Protect Your Home
There are legal steps you and your spouse can take to protect your home from creditors. In Illinois, a married couple can structure how they own their home under a legal form called “tenants by the entirety” or TBE. This means that the creditors of one of the spouses cannot collect on debt by placing a lien on the home, if it is owned by both the husband and wife.
At Petti Murphy & Associates, we will explain all of your options in sheltering your home under a TBE, as well as other strategies for protecting your assets from creditors. We provide the solutions and answers you need.
Sheltering Your Home By Establishing A Tenant By Entirety
Where the marital residence is not owned in TBE, if one spouse were to incur large credit card or business debt, or get sued for causing an auto accident, and there was inadequate insurance coverage, the creditor or injured person might obtain a large judgment against the debtor spouse. The creditor or injured person could then collect on that judgment by placing a judgment lien on the debtor spouse’s marital residence. This might then be followed by a foreclosure and forced sale of the marital residence to satisfy the claim. The married couple has lost their home, even though one of the spouses had no creditors, was innocent and was not responsible for the claim!

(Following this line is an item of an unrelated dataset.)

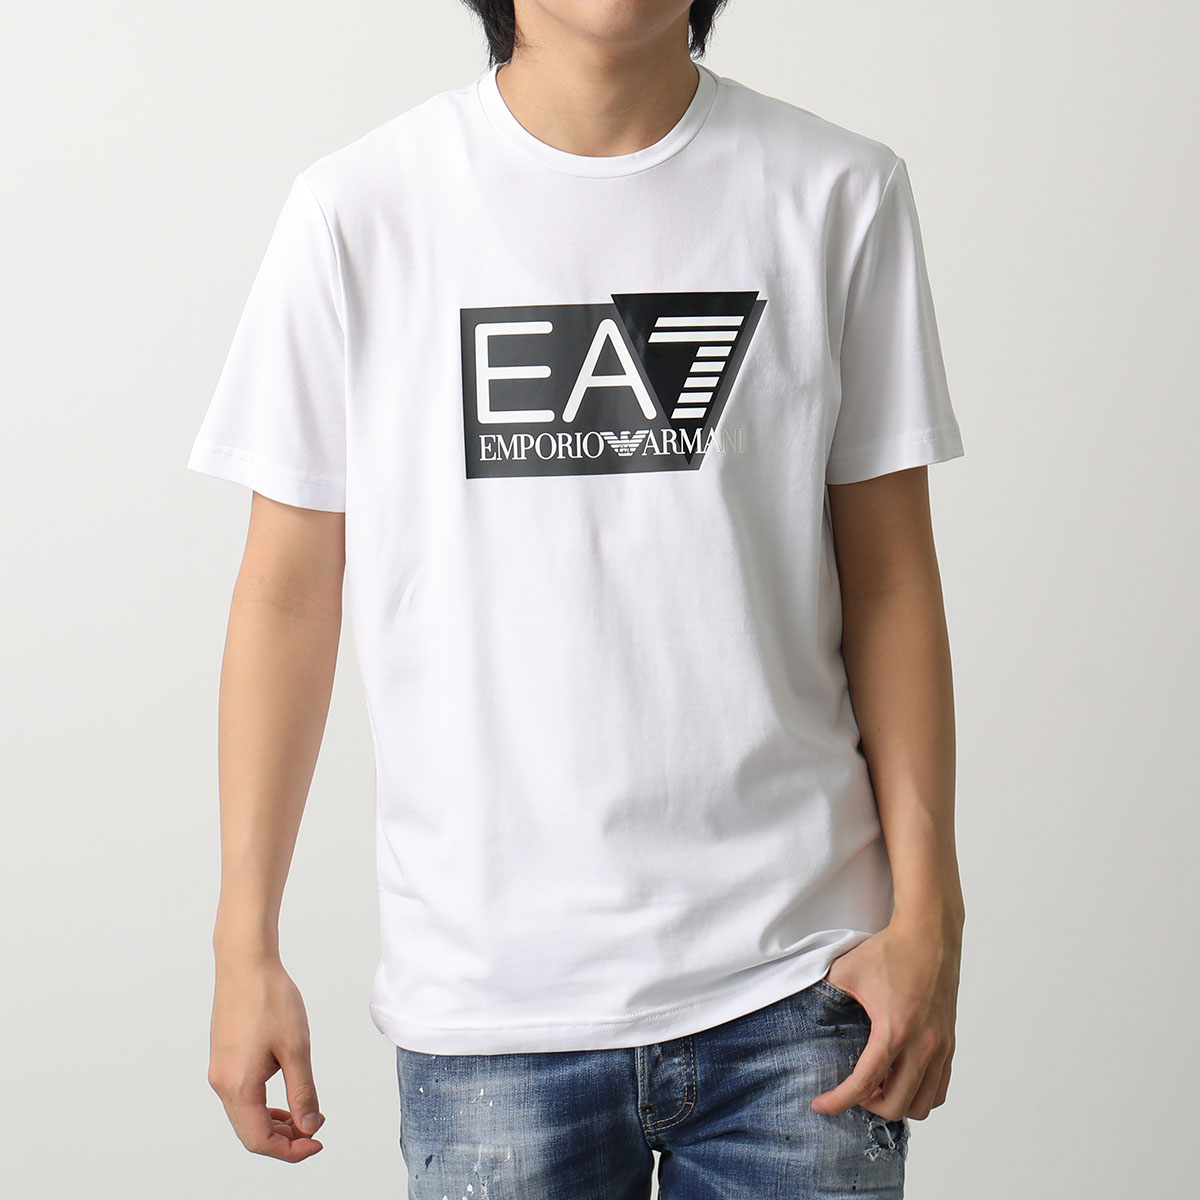 EA7 EMPORIO ARMANI エアセッテ エンポリオアルマーニ Tシャツ 3DPT62

Tenancy by the entirety is a form of ownership only available to married persons while their marriage is intact. Also, in Illinois TBE ownership is only recognized for the marital homestead, that is, where the married couple are living and maintaining their permanent residence. (In some states, such as Florida, all properties, real estate and personal property, come under the TBE umbrella while the marital relationship exists. Florida TBE is not limited to the marital homestead, as is the case in Illinois.)
An important caveat! TBE ownership does not immunize the marital residence against the claims of joint creditors, only creditors of one or the other of the spouses. This is a very important distinction. Creditors of both spouses jointly are able to reach the married couple’s equity in their marital residence.
However, in the above examples if the innocent spouse owned the marital residence as a tenant by the entirety, the marital residence would be completely exempt from the creditor’s or injured person’s claim since the examples involve claims that are not joint obligations of the husband and wife, together.
If married couples are buying a home, they should take title as tenants by the entireties, not joint tenancy or tenants in common. If your current deed does not now specify TBE as the form of joint ownership, you are able to reissue and rerecord your marital residence deed, granting the property to you and your spouse as a changeover to TBE. But you cannot do this changeover at a time and with the intent to avoid known pending creditors’ claims. That would be fraudulent and the transfer into TBE could be voided. You need to make the TBE changeover while you have no substantial creditors and are solvent. Moreover, special rules may apply in bankruptcy proceedings under the U.S. Bankruptcy Code.
Our law firm is experienced with legal issues related to this form of property ownership. TBE ownership is a very inexpensive way to protect your most valuable asset, and it can be done quickly at modest costs. Call PETTI MURPHY & ASSOCIATES today to learn more!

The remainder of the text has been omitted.